[EXERCISE AIM] Return only the stretch of the material below that begins with the line containing "くじゃく羽根の艶めきゴールドピアス 5 - 手に乗せるとこのようなサイズです" and ends with the line containing "Alleenstaande villa met", exactly; both of those lines belong to it.
+===+
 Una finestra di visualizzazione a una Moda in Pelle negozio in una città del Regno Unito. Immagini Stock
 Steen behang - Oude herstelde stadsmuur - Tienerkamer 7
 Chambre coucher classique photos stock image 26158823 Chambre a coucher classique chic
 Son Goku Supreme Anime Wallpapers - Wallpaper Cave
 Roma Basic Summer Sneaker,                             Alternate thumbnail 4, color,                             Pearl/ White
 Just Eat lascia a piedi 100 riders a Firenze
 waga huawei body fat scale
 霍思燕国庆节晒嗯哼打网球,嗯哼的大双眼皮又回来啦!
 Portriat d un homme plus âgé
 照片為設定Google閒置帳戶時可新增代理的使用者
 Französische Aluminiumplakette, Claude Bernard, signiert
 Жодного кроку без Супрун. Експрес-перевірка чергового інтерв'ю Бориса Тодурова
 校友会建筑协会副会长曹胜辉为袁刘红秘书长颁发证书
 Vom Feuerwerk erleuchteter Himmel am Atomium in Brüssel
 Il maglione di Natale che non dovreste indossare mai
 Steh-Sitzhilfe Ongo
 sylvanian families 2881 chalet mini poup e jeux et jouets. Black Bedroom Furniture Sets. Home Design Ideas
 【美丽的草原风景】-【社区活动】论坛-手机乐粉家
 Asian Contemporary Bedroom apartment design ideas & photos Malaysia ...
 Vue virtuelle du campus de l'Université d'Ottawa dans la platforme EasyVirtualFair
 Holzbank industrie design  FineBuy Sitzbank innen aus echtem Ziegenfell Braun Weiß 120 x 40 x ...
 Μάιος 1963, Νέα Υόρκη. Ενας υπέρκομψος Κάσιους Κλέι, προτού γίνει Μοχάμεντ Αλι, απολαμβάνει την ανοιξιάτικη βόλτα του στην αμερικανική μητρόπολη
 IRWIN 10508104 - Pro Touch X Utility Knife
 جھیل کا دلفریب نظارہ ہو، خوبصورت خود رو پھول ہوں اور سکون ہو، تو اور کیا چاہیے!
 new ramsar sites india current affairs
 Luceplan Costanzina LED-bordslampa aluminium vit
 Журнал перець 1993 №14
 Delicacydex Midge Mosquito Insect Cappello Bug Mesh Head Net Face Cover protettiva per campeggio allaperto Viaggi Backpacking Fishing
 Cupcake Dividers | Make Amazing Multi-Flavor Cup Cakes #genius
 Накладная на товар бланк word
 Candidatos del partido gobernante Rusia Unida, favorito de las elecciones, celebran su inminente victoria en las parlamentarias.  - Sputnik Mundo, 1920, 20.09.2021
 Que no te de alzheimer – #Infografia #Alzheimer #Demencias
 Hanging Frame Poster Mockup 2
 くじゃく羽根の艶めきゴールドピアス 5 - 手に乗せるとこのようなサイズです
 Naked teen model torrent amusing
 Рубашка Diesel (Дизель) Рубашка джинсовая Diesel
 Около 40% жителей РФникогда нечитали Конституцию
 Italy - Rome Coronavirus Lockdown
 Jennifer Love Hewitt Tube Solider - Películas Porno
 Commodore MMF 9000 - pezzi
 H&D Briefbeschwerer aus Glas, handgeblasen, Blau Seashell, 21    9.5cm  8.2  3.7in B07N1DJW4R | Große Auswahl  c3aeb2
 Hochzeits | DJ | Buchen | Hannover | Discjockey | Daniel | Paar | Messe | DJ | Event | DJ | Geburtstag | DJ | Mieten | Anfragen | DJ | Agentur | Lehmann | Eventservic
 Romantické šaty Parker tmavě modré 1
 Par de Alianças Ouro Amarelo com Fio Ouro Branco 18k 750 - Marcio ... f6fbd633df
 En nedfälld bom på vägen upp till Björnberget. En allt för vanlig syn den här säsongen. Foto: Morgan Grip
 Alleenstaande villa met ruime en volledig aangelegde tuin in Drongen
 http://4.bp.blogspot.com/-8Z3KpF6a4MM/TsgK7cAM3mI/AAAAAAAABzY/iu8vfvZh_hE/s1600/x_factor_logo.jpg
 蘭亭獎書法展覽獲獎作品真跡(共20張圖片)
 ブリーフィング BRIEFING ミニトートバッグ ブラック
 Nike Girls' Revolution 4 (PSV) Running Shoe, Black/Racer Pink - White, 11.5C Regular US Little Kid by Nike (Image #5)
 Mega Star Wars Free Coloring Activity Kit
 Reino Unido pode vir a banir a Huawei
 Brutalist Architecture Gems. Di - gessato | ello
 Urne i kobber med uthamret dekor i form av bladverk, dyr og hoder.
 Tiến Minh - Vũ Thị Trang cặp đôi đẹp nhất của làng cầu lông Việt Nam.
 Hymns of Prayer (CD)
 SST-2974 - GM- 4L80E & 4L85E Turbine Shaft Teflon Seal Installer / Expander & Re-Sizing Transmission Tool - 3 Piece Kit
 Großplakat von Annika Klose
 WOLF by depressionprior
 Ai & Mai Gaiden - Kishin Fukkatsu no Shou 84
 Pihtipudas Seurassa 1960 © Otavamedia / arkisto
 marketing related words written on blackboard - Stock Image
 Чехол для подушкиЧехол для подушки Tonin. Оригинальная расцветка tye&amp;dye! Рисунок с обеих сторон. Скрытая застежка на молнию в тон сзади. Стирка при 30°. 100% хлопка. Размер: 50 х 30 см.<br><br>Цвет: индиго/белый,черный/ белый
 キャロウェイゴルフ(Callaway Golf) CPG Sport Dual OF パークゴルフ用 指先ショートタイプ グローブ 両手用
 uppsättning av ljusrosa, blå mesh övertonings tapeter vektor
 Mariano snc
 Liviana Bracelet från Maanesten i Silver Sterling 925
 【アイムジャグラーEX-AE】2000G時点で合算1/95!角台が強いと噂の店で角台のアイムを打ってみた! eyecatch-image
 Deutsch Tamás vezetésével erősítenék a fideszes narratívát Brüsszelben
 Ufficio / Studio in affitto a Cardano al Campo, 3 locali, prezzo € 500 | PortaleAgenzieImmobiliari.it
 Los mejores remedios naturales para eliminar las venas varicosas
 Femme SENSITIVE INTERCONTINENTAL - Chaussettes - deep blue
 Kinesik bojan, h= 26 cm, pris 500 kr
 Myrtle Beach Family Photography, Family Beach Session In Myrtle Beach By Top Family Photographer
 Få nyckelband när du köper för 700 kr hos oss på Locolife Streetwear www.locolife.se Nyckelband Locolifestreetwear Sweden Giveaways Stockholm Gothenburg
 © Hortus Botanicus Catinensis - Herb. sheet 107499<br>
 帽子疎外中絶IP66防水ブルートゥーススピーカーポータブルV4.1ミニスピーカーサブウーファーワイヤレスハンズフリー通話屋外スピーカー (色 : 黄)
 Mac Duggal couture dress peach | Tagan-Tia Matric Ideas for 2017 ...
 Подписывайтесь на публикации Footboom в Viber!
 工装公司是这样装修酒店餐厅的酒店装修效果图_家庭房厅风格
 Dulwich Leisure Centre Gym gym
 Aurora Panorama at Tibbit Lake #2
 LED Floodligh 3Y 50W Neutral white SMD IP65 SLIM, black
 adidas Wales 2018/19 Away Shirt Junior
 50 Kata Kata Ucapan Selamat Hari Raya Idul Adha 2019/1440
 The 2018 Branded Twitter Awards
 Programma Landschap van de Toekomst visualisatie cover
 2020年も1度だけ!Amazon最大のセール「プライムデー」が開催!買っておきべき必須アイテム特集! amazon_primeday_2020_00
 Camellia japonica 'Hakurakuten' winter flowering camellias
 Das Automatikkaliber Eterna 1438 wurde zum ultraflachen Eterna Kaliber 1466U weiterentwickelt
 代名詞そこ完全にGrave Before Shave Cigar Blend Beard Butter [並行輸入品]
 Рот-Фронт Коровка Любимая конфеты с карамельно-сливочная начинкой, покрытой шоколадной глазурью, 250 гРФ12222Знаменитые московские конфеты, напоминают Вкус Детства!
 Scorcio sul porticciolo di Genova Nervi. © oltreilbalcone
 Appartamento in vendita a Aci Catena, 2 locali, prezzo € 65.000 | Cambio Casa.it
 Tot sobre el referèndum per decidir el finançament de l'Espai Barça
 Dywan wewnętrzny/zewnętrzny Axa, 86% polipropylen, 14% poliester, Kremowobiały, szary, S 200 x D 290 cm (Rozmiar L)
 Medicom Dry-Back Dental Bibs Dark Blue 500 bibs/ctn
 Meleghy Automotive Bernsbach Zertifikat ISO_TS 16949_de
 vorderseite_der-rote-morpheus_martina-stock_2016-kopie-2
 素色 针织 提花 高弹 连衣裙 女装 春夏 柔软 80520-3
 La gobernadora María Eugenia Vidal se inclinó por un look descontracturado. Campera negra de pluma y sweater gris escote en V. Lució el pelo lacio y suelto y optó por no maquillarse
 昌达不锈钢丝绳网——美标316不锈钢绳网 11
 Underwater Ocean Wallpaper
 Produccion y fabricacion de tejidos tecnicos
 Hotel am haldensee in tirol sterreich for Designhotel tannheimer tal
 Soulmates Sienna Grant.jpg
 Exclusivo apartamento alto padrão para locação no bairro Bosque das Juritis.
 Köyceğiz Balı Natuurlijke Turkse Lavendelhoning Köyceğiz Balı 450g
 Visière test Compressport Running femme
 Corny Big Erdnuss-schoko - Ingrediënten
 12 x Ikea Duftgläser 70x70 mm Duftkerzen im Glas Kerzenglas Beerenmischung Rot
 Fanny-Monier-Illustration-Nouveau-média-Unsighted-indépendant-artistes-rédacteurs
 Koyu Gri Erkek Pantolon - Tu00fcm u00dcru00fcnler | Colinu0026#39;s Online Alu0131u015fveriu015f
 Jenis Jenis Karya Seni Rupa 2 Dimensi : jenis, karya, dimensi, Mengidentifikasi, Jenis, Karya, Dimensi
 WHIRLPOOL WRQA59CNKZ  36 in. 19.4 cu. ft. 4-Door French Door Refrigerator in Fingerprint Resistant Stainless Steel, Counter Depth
+===+
[RESPONSE BOX]
 くじゃく羽根の艶めきゴールドピアス 5 - 手に乗せるとこのようなサイズです
 Naked teen model torrent amusing
 Рубашка Diesel (Дизель) Рубашка джинсовая Diesel
 Около 40% жителей РФникогда нечитали Конституцию
 Italy - Rome Coronavirus Lockdown
 Jennifer Love Hewitt Tube Solider - Películas Porno
 Commodore MMF 9000 - pezzi
 H&D Briefbeschwerer aus Glas, handgeblasen, Blau Seashell, 21    9.5cm  8.2  3.7in B07N1DJW4R | Große Auswahl  c3aeb2
 Hochzeits | DJ | Buchen | Hannover | Discjockey | Daniel | Paar | Messe | DJ | Event | DJ | Geburtstag | DJ | Mieten | Anfragen | DJ | Agentur | Lehmann | Eventservic
 Romantické šaty Parker tmavě modré 1
 Par de Alianças Ouro Amarelo com Fio Ouro Branco 18k 750 - Marcio ... f6fbd633df
 En nedfälld bom på vägen upp till Björnberget. En allt för vanlig syn den här säsongen. Foto: Morgan Grip
 Alleenstaande villa met ruime en volledig aangelegde tuin in Drongen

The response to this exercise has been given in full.